Emma Peyton Williams (she/they) grew up in Seattle before heading to Ohio to pursue a Bachelor of Arts at Oberlin College, where she majored in Comparative American Studies and Gender, Sexuality, and Feminist Studies. Her studies focused on critical race theory, whiteness, queer theory, surveillance, prisons/policing, critical social work studies, families, and motherhood.

During her time in undergrad, Emma worked as an HIV Peer Tester on campus, the college advisor to the Oberlin High School Queers and Allies Club, and a sex educator in both the Seattle Public Schools and the Oberlin Unitarian Universalist Fellowship. During breaks from school, she began interning for the good folks at the NW Network of BTLG Survivors of Abuse and became a Research and Policy Consultant for the National LGBTQ Institute on Intimate Partner Violence, where they worked until summer of 2021. While studying away in Chicago, she started coordinating research for an offshoot of what was formerly the Chicago chapter of Black and Pink, as they worked to compile a report about the conditions of civil commitment in Illinois and worked as a project manager for the Prison + Neighborhood Arts Project, supporting incarcerated students as they pursued Bachelor’s degrees. In Chicago, Emma found the abolitionist community that they now call home.

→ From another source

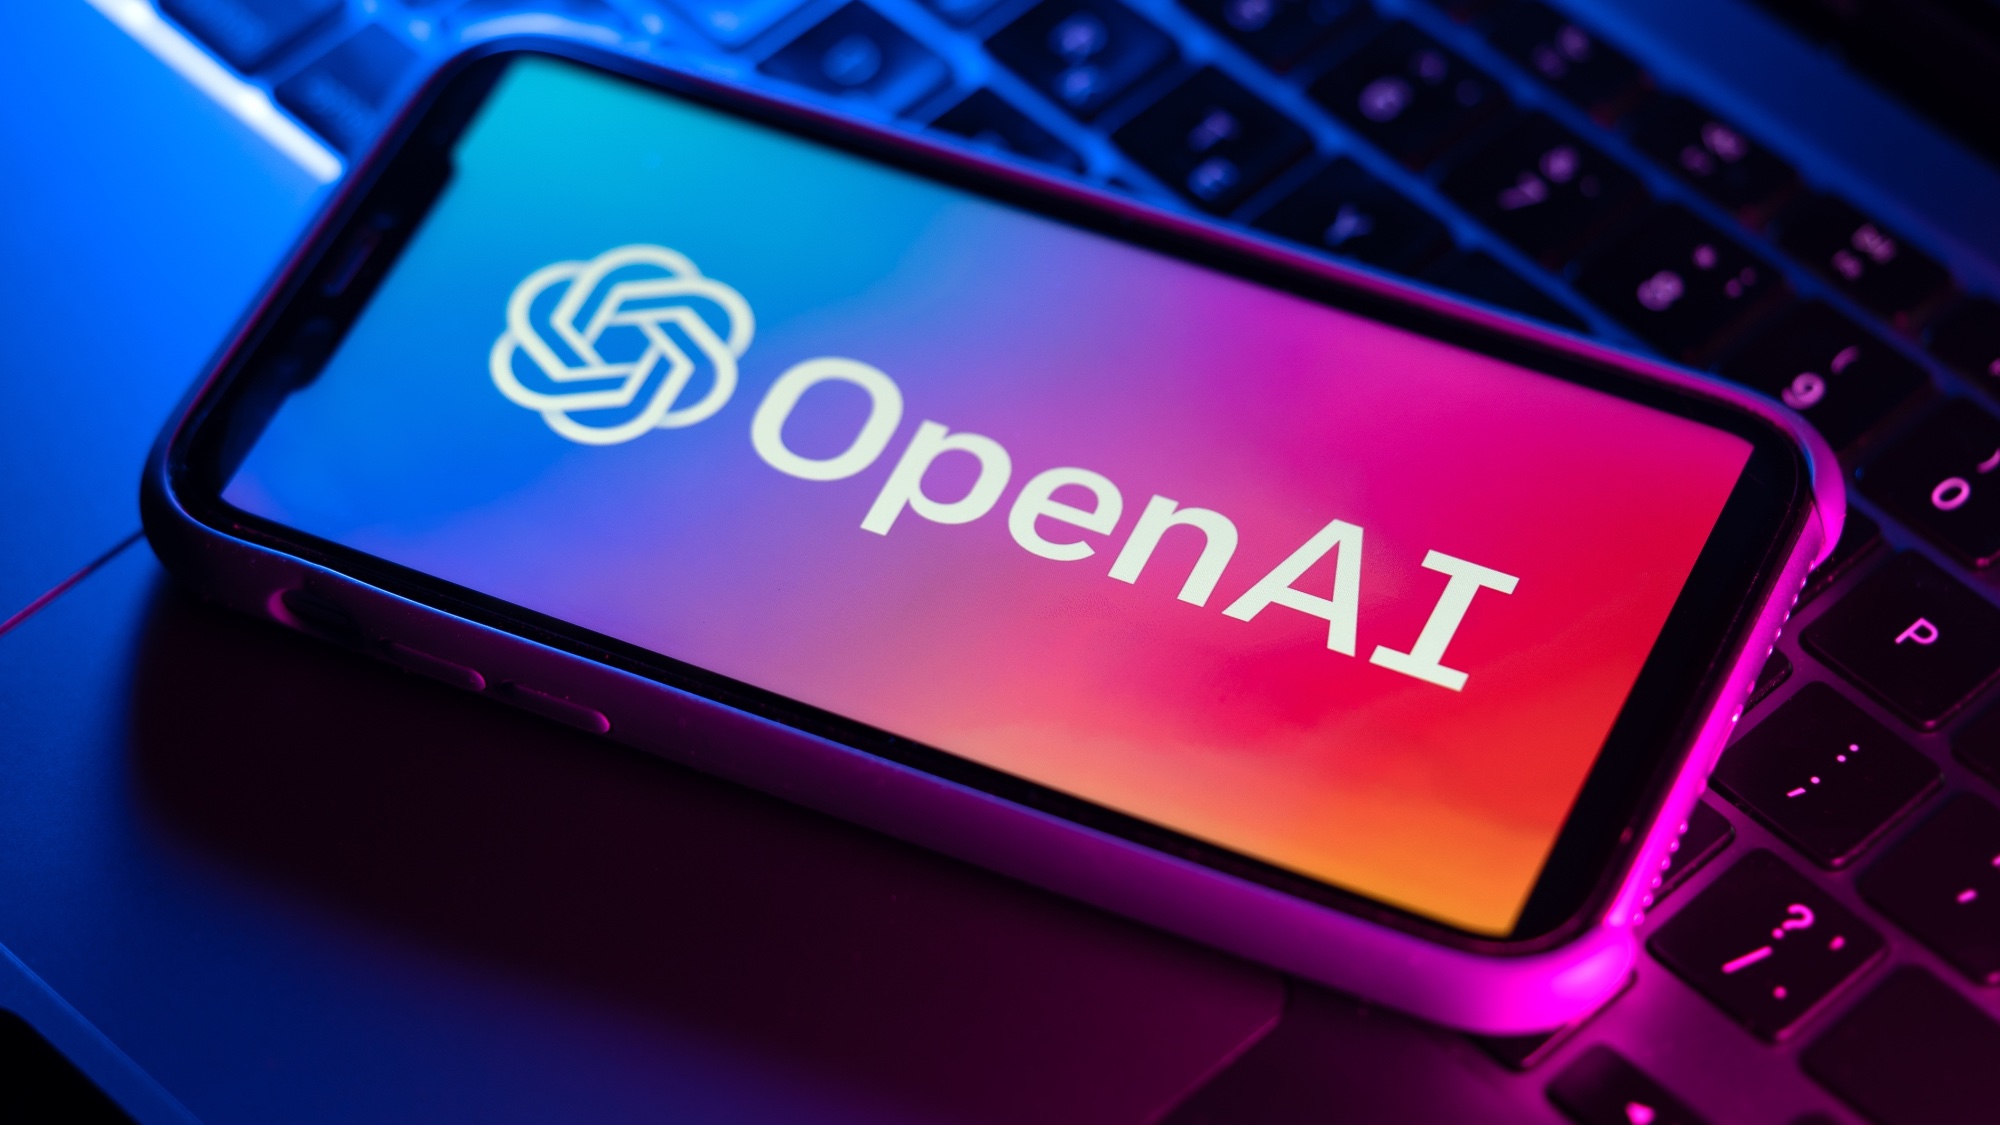 Το λογότυπο OpenAI βρίσκεται στο τηλέφωνο πάνω από το πληκτρολόγιο του φορητού υπολογιστή

In the fall of 2019, Emma returned to Oberlin to complete her degree and wrote her Honors Thesis "Dreaming of Abolitionist Futures, Reconceptualizing Child Welfare: Keeping Kids Safe in the Age of Abolition," which was ultimately awarded Highest Honors. Since graduating, Emma has returned to Chicago, extended her consulting services to the Center for the Study of Social Policy, the upEND Movement, the University of Iowa Labor Center, and, presently, the Prison Policy Initiative. In December 2021 Emma joined Cabrini Green Legal Aid's Policy and Advocacy team where they work on prison reentry policy issues in Illinois. Emma looks forward to continuing to use their research skills, teaching background, and community organizing experience in both grassroots and professional settings, supporting community responses to violence that are not reliant on the state.